*Try it*
Copy out all of the lines below exactly; the pictures do not belong in the copy.

*Given material*

* * * * * * * * *

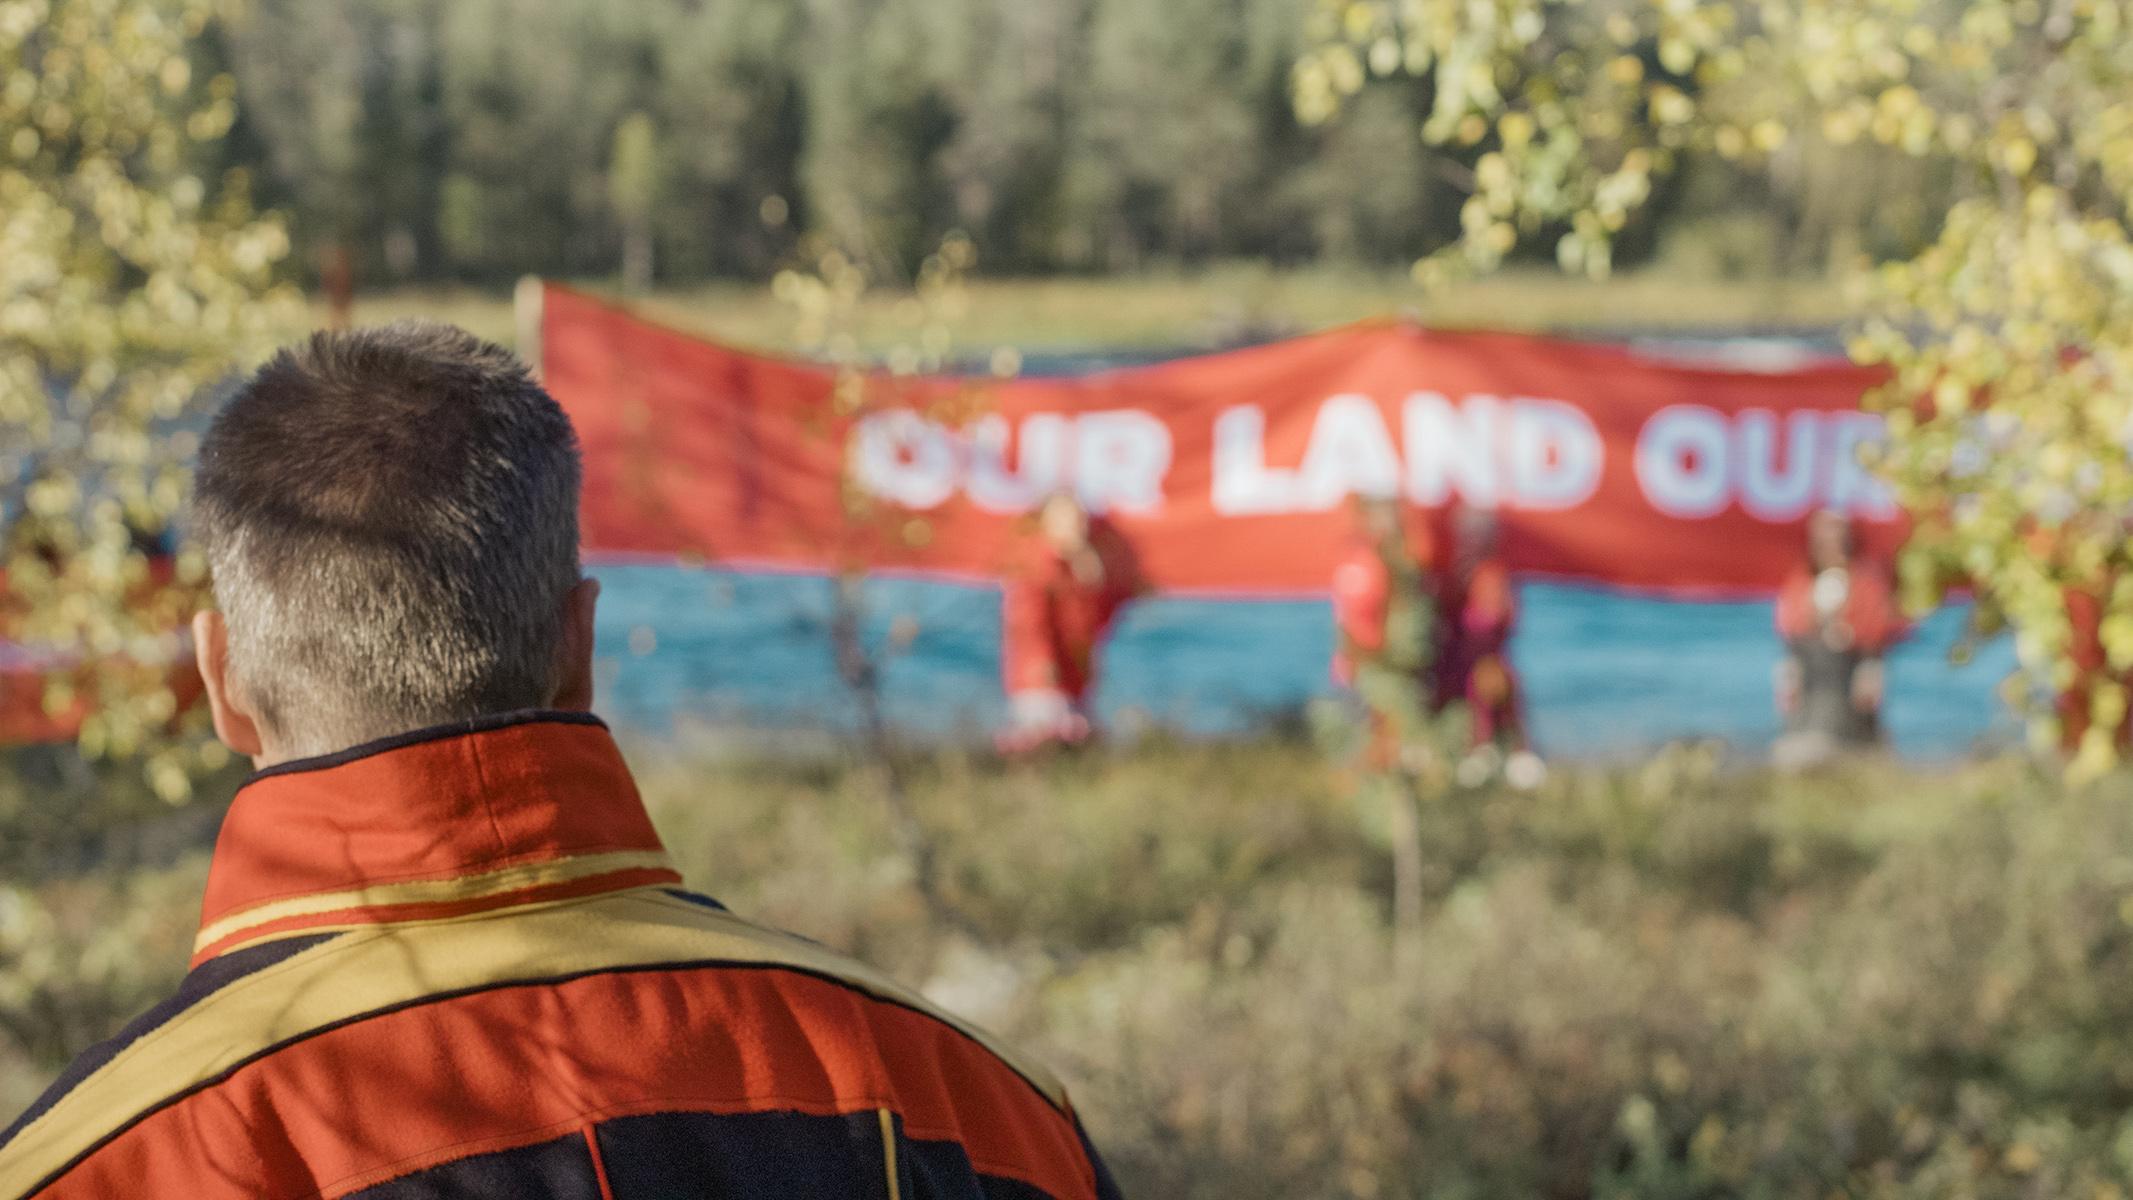 """Aktivisteja Red line -mielenilmauksessa Inarissa. Taustalla banderolli, jossa lukee """"Our land""""."""
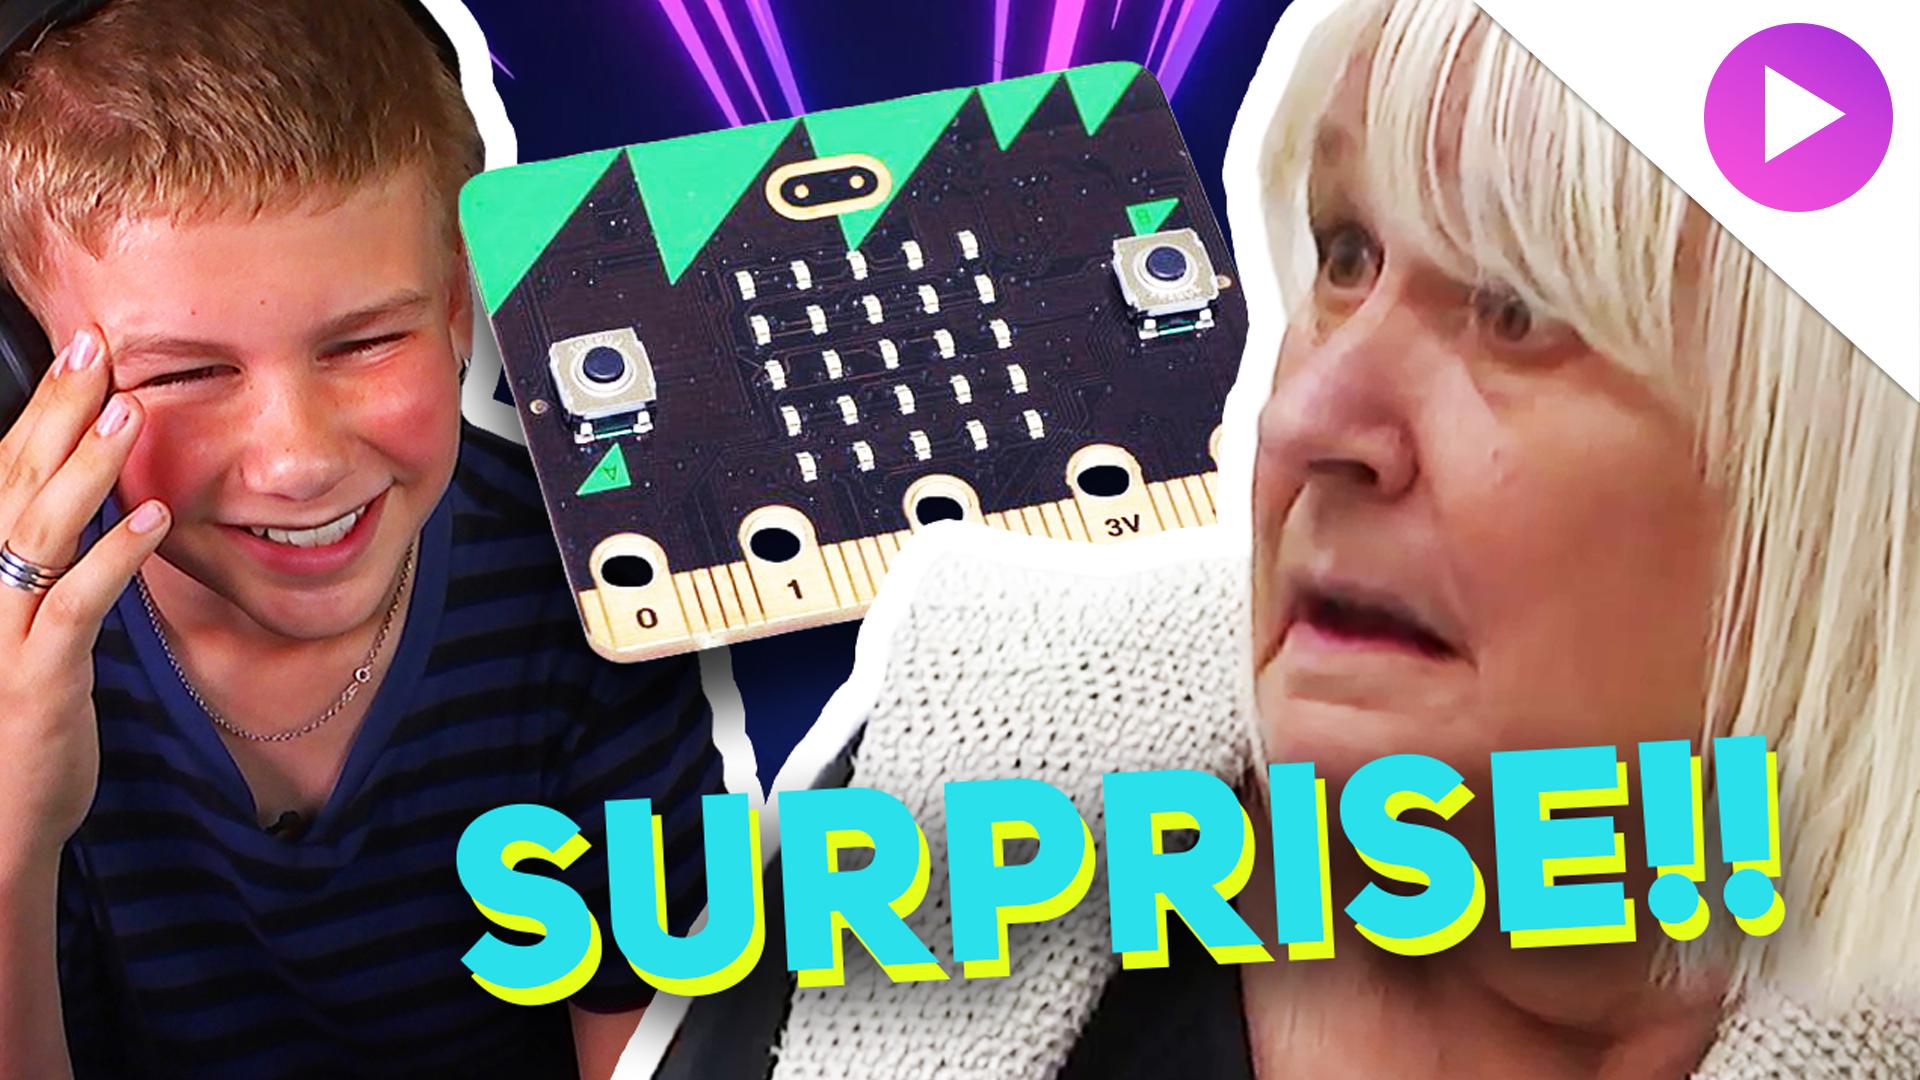 pelle_og_bertil_surprise_microbit_drupal.jpg
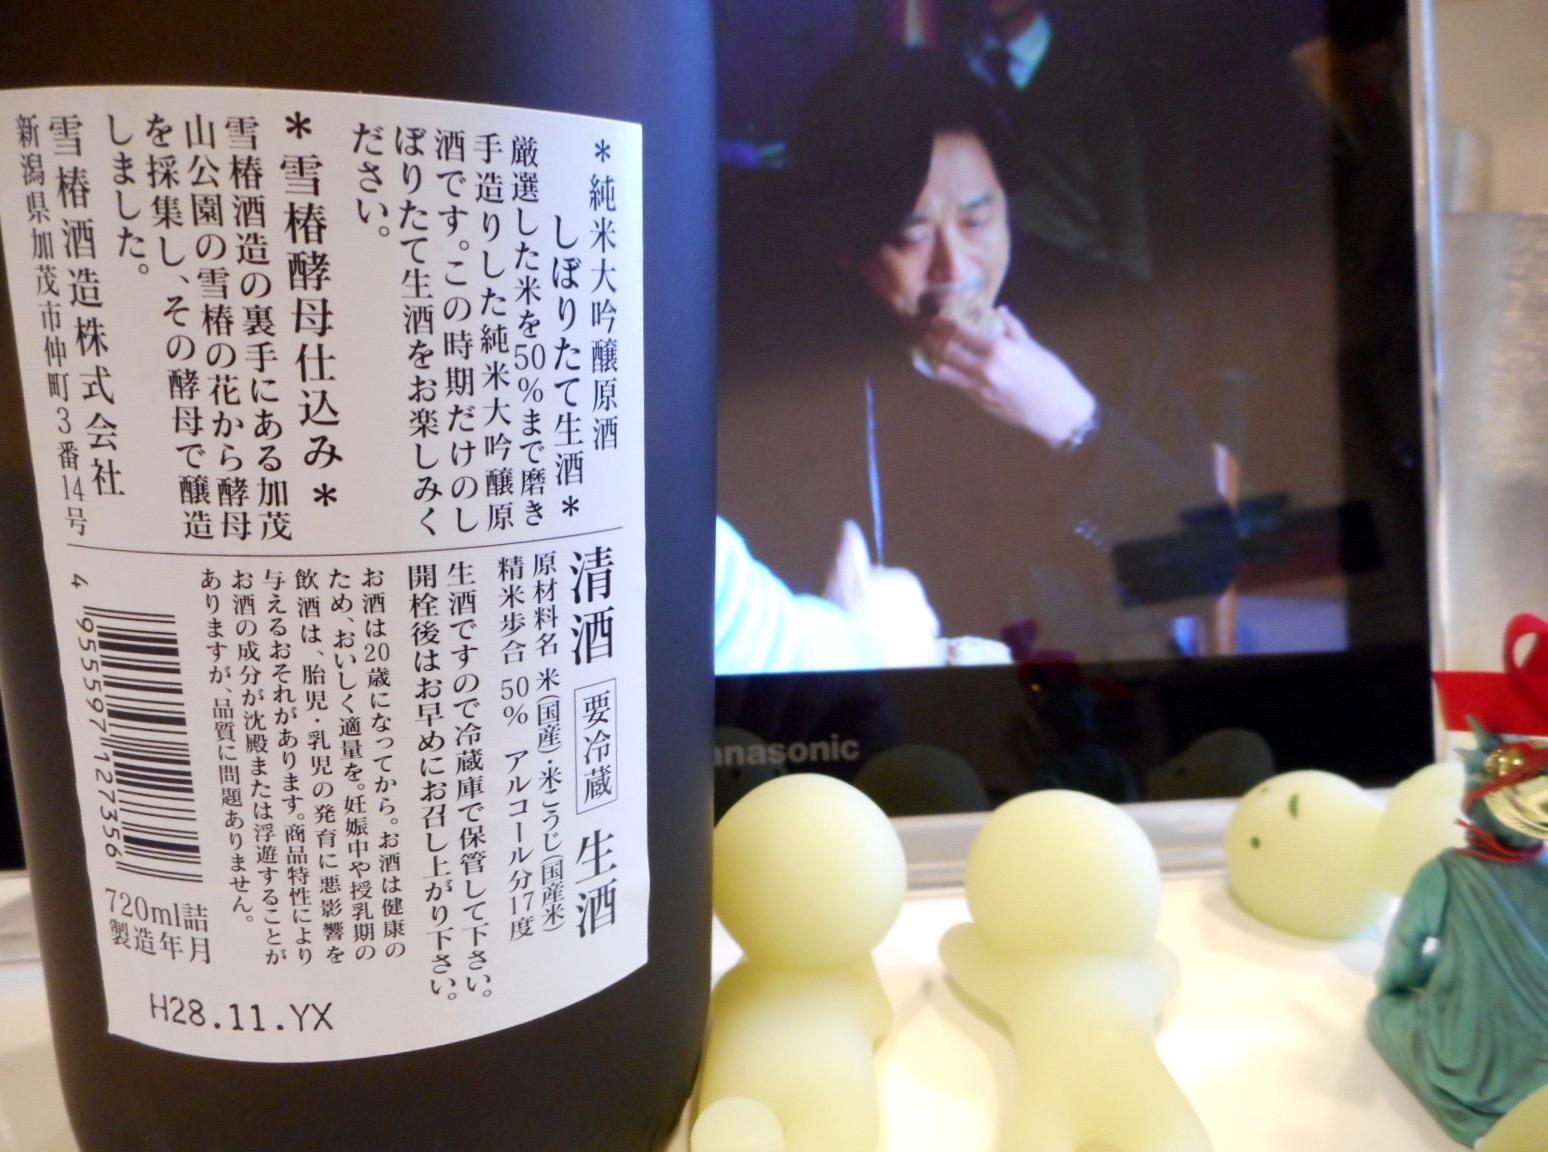 yukitsubaki_jundai_nama28by2.jpg
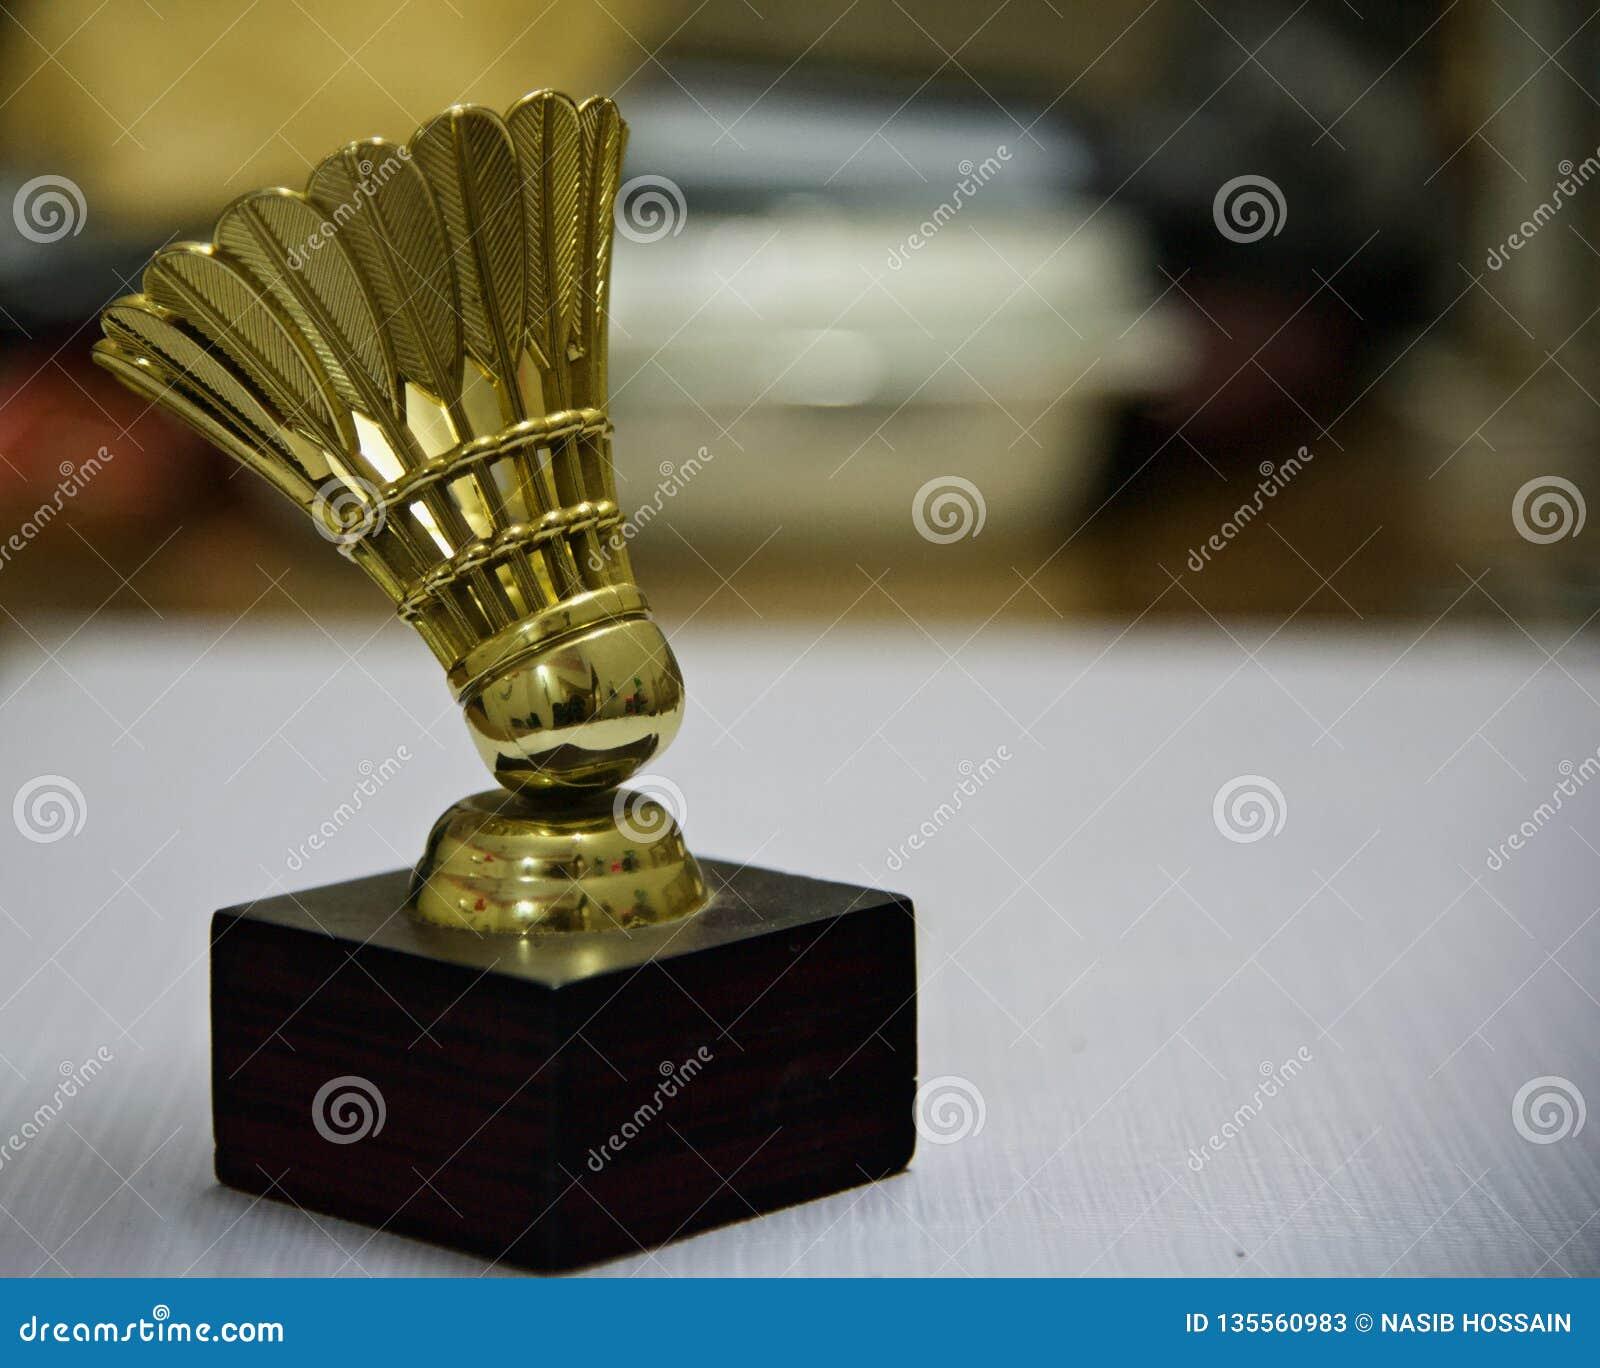 A metallic artificial badminton cork

* * * * * * * * *

*Output below*
 """Aktivisteja Red line -mielenilmauksessa Inarissa. Taustalla banderolli, jossa lukee """"Our land""""."""
 pelle_og_bertil_surprise_microbit_drupal.jpg
 yukitsubaki_jundai_nama28by2.jpg
 A metallic artificial badminton cork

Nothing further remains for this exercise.